◆ WHAT IS REQUIRED
Although the material holds pictures, none belong in the copy; transcribe exactly, and only, the lines from the one with "Vietranstimex Completed Site" through the end.

◆ RECORDED DATA
┄┄┄┄┄┄┄┄┄┄
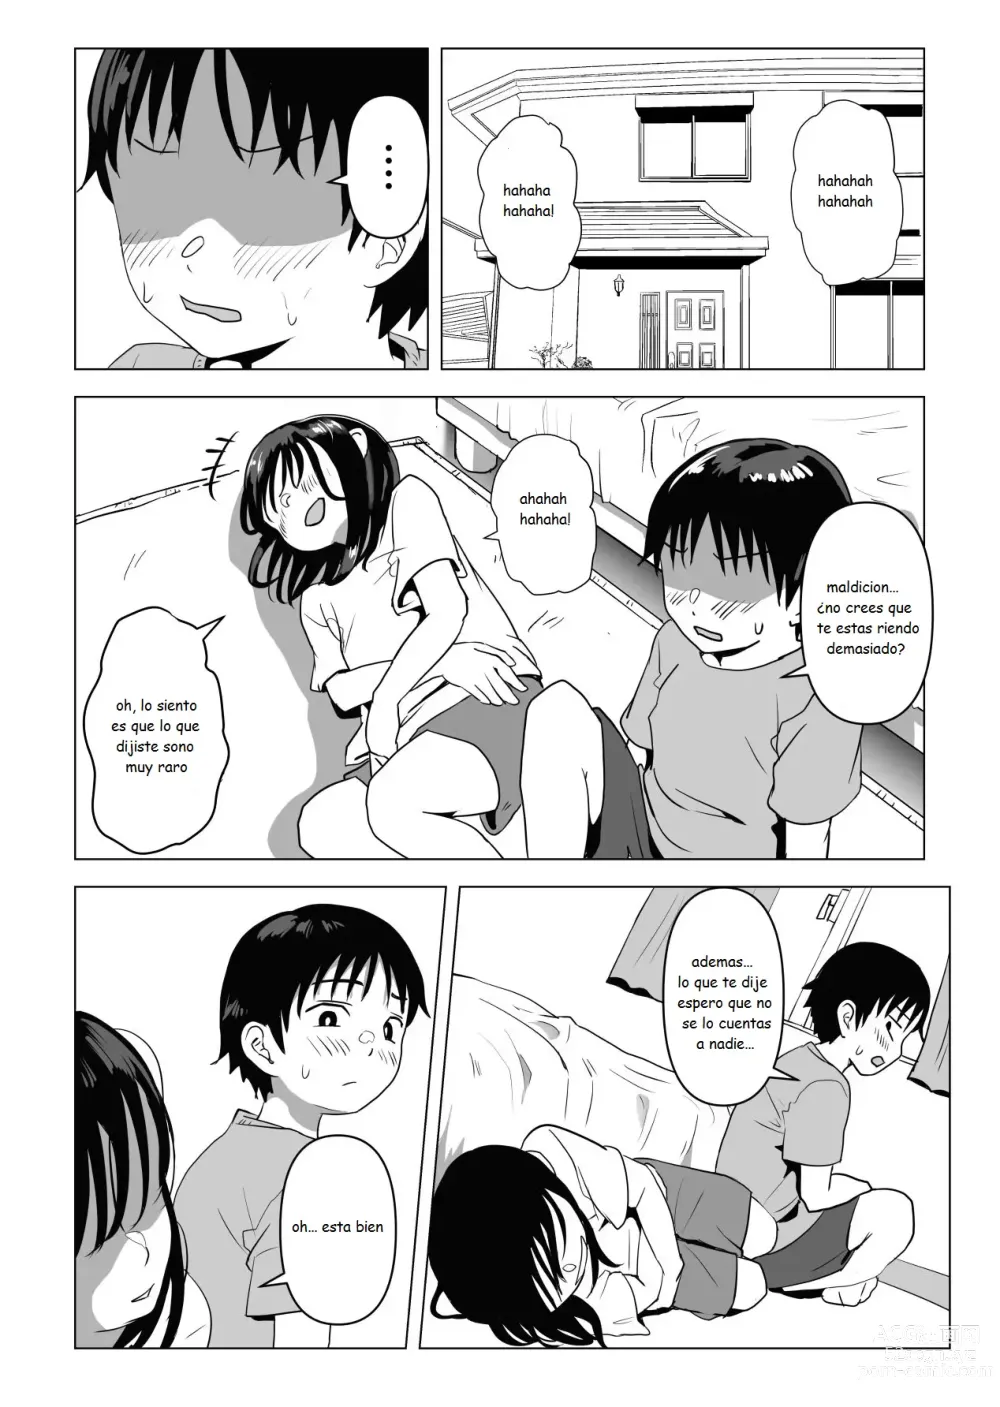 Page 9 of doujinshi Mi amiga de la infancia de grandes pechos y mi hermano se han estado conportado raro ultimamente
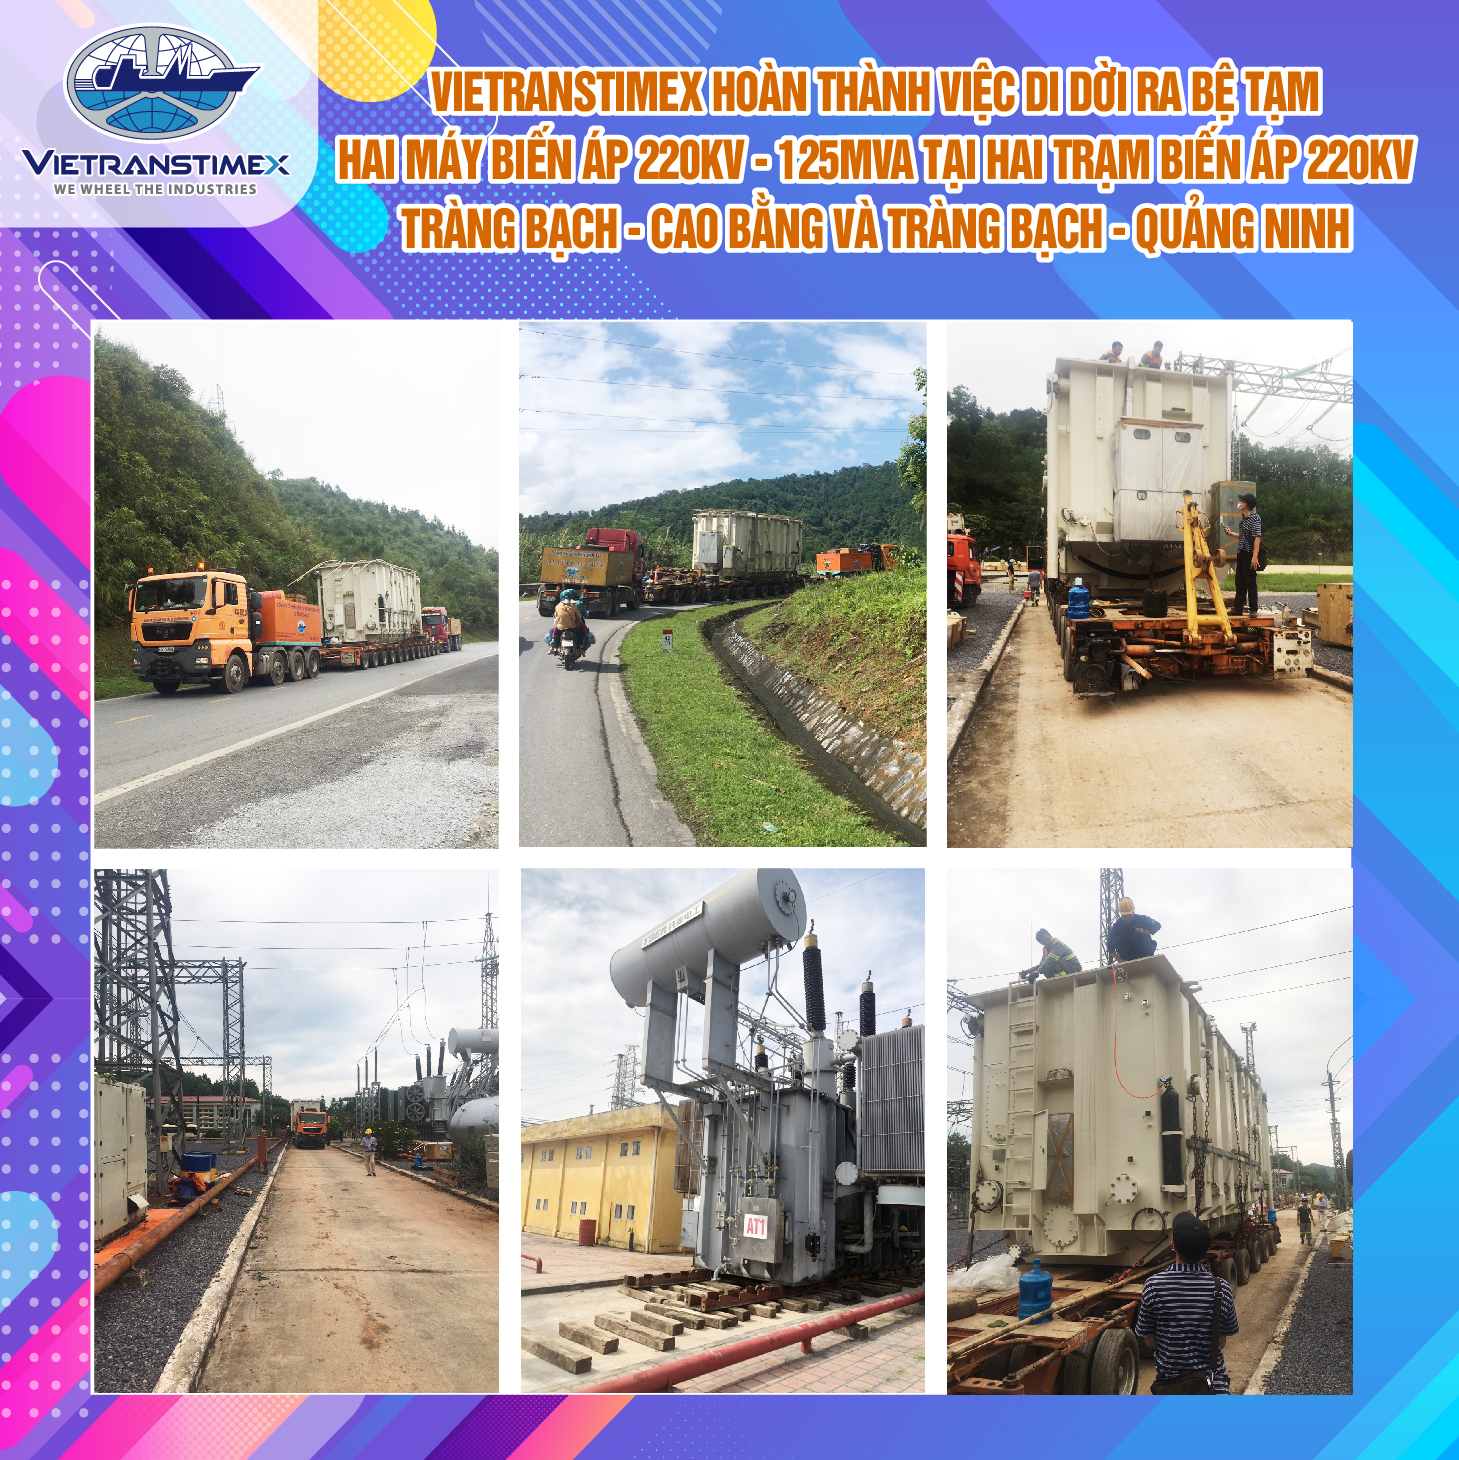 Vietranstimex Completed Site Moving To Temporary Platform Of The Two 220kV - 125MVA Transformers At Trang Bach – Cao Bang 220kV Substation And Trang Bach – Quang Ninh 220kV Substation
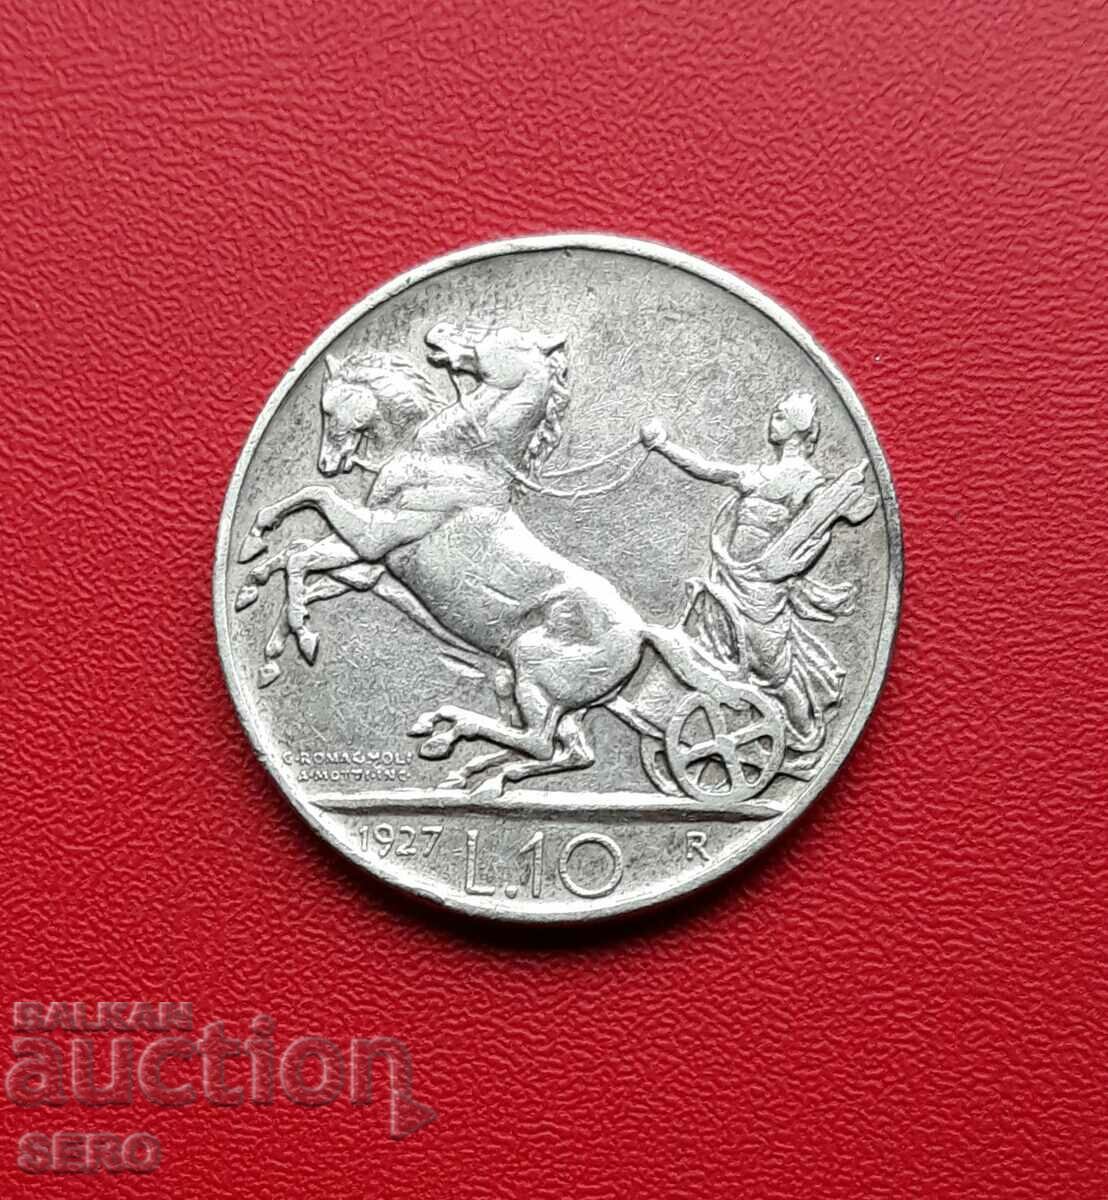 Italy-10 lira 1927-silver
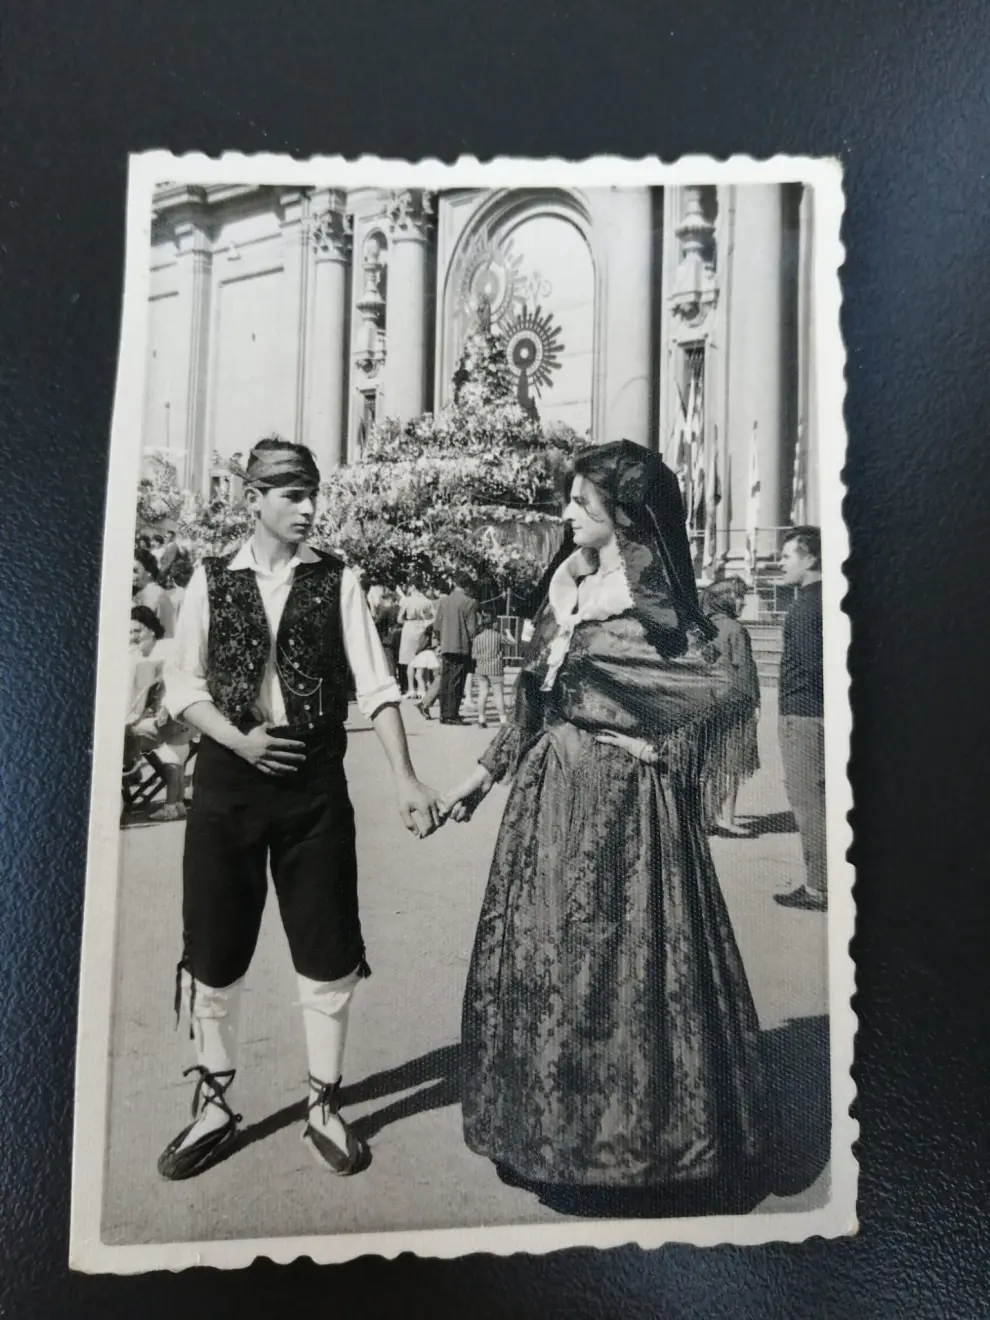 Fotos del álbum familiar de la ofrenda de flores de los Giménez Franco.
┄┄┄┄┄┄┄┄┄┄
◆ RESULT BELOW
 Vietranstimex Completed Site Moving To Temporary Platform Of The Two 220kV - 125MVA Transformers At Trang Bach – Cao Bang 220kV Substation And Trang Bach – Quang Ninh 220kV Substation
 Italy-10 lira 1927-silver
 Fotos del álbum familiar de la ofrenda de flores de los Giménez Franco.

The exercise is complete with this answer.